- Breed: Quarter Horse
- Discipline: Racing
- Sire: imported Beduino (TB)
- Grandsire: imported Romany Royal (TB)
- Dam: A Classy Chick
- Maternal grandsire: Chicks Deck
- Sex: Stallion
- Foaled: 1984
- Country: United States
- Color: Gray
- Breeder: Joe Muniz and John Bobenrieth
- Owner: Muniz and Bobenrieth

Record
- 14 starts: 7-2-1 SI-104

Earnings
- $412,099.00

Major wins
- Bay Meadows Futurity (G1)

Honors
- American Quarter Horse Hall of Fame

= Chicks Beduino =

Quarter Horse racehorse and sire

Chicks Beduino (1984–2003) as of the end of 2006 was second on the all-time list of leading Quarter Horse sires by races won by his offspring, and third on the all-time list of racing money earned by his offspring.

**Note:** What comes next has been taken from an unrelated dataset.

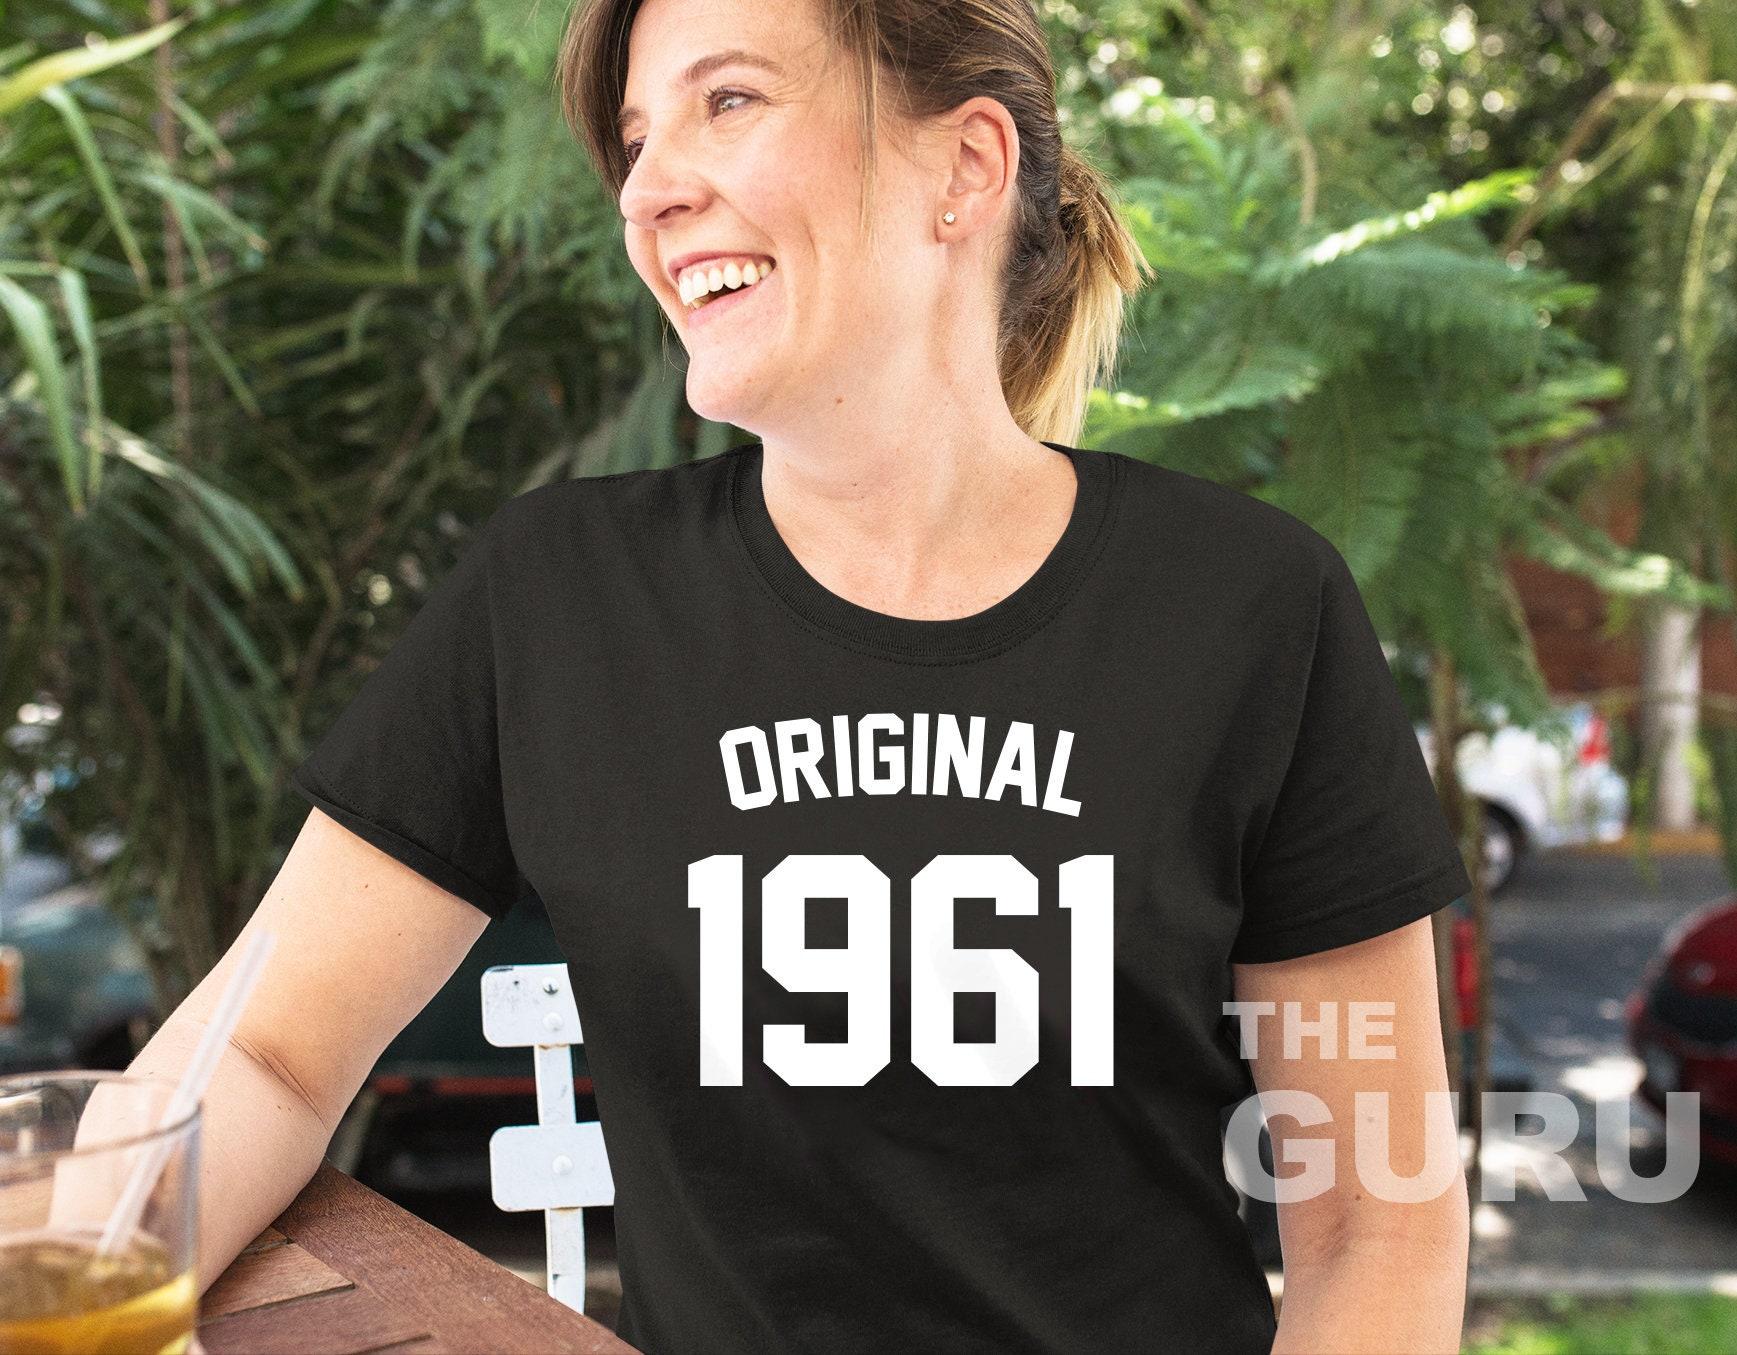 57 birthday shirt 1961 birthday birthday 1961 shirt 57 birthday gift for women 57th birthday gift 57th birthday shirts 1961 birthday gift 57 birthday 116662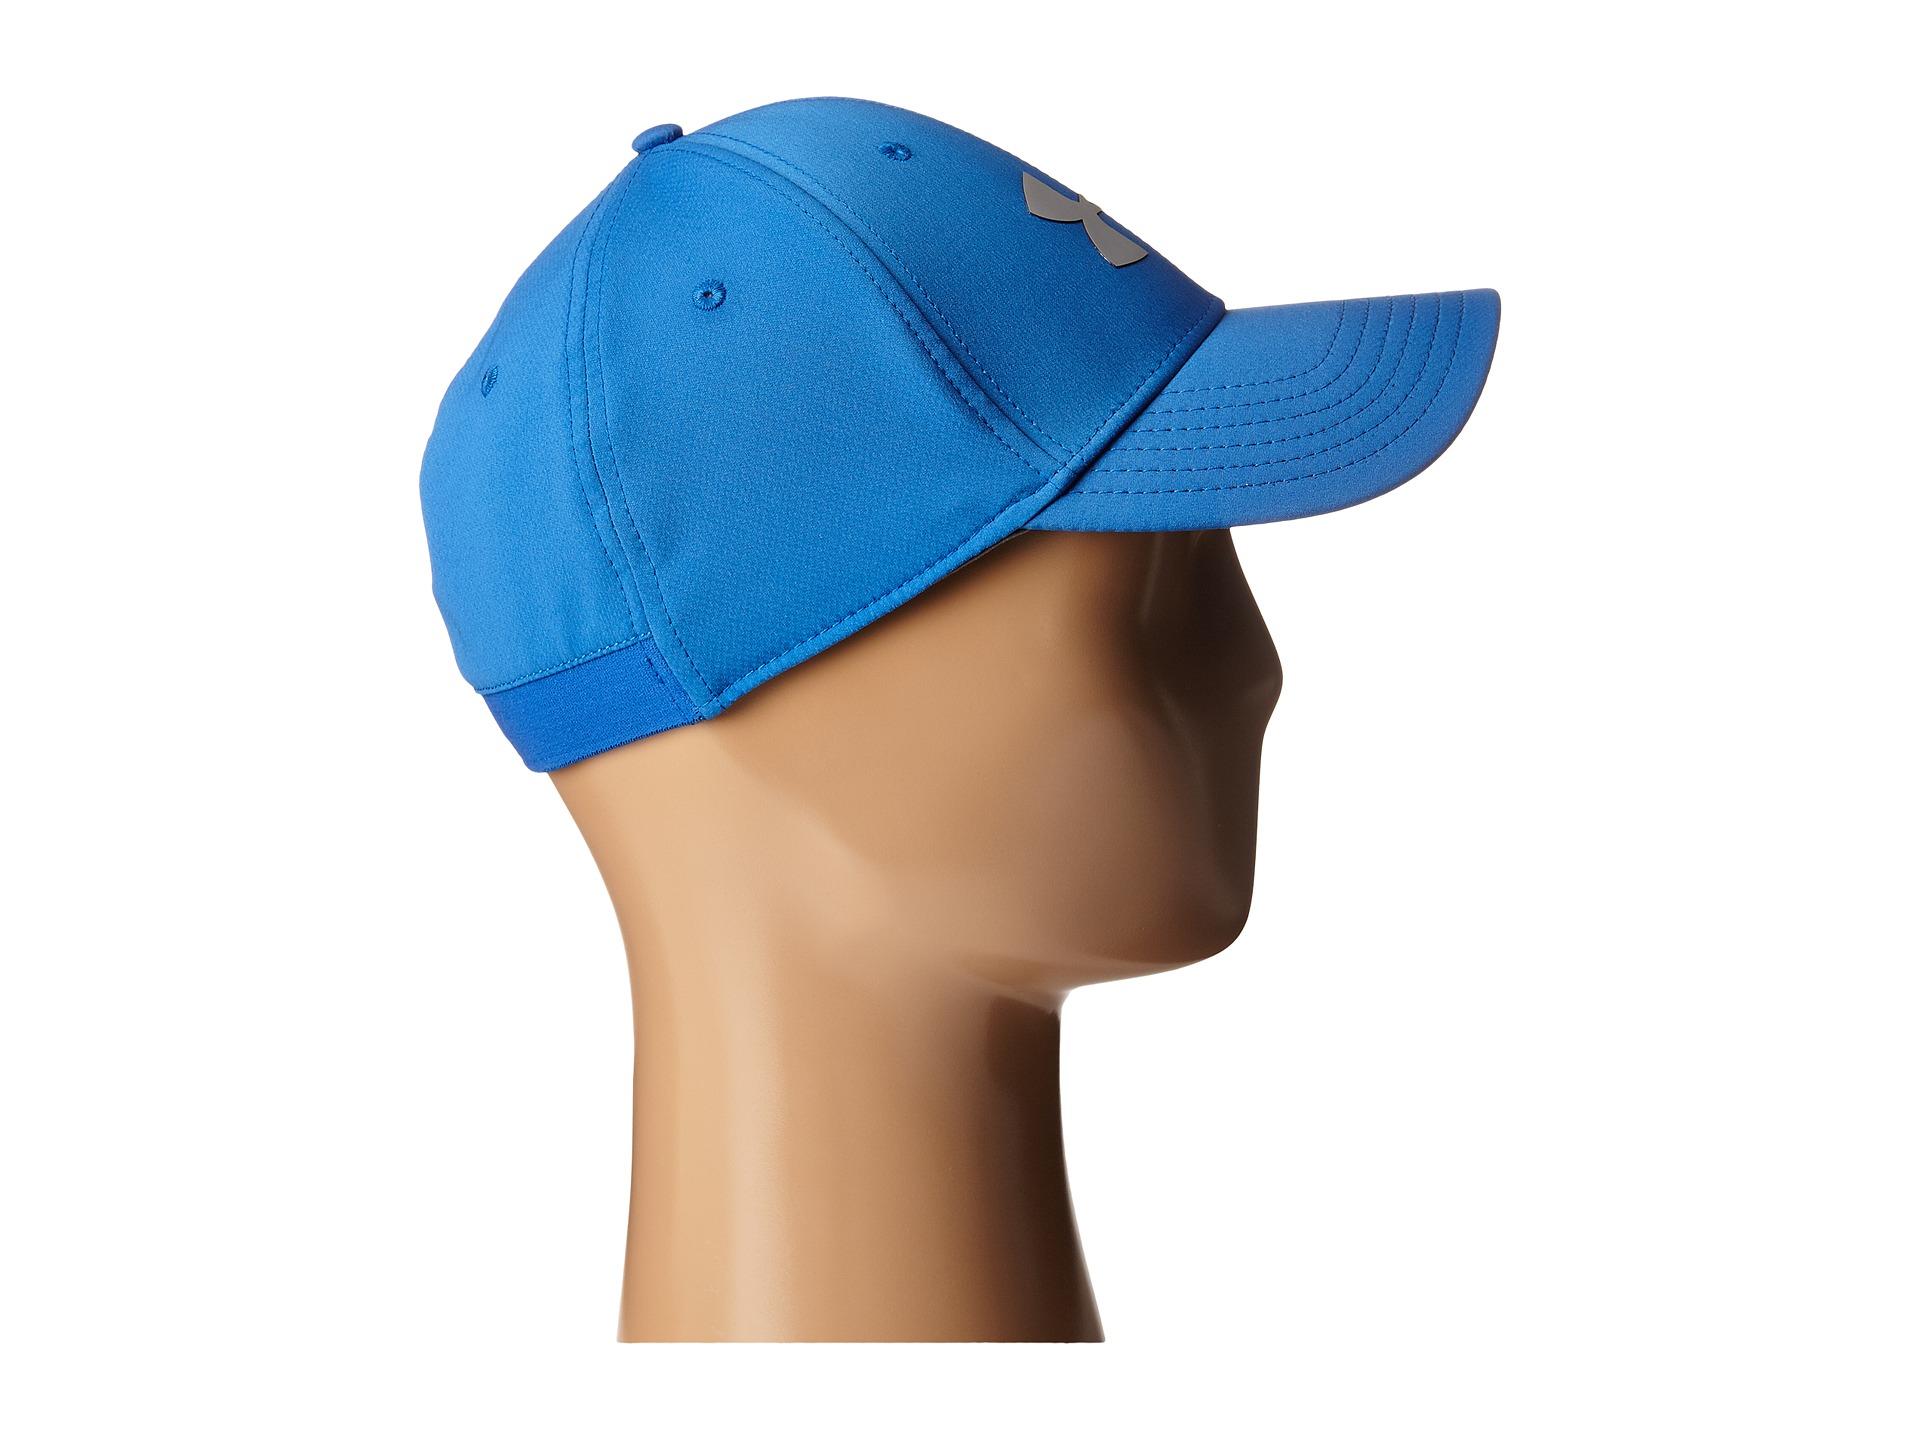 Lyst - Under Armour Ua Golf Headline Cap in Blue for Men cb734273ddca

He has sired one World Champion Quarter Running Horse – Whosleavingwho, as well as other champion horses including Separatist, Chicks First Policy, Corona Chick, This Snow is Royal, Artesias Special Chic, The Prize, Country Chics Man and Evening Snow. He died in 2003 from kidney failure.

Chicks Beduino was inducted into the AQHA Hall of Fame in 2007.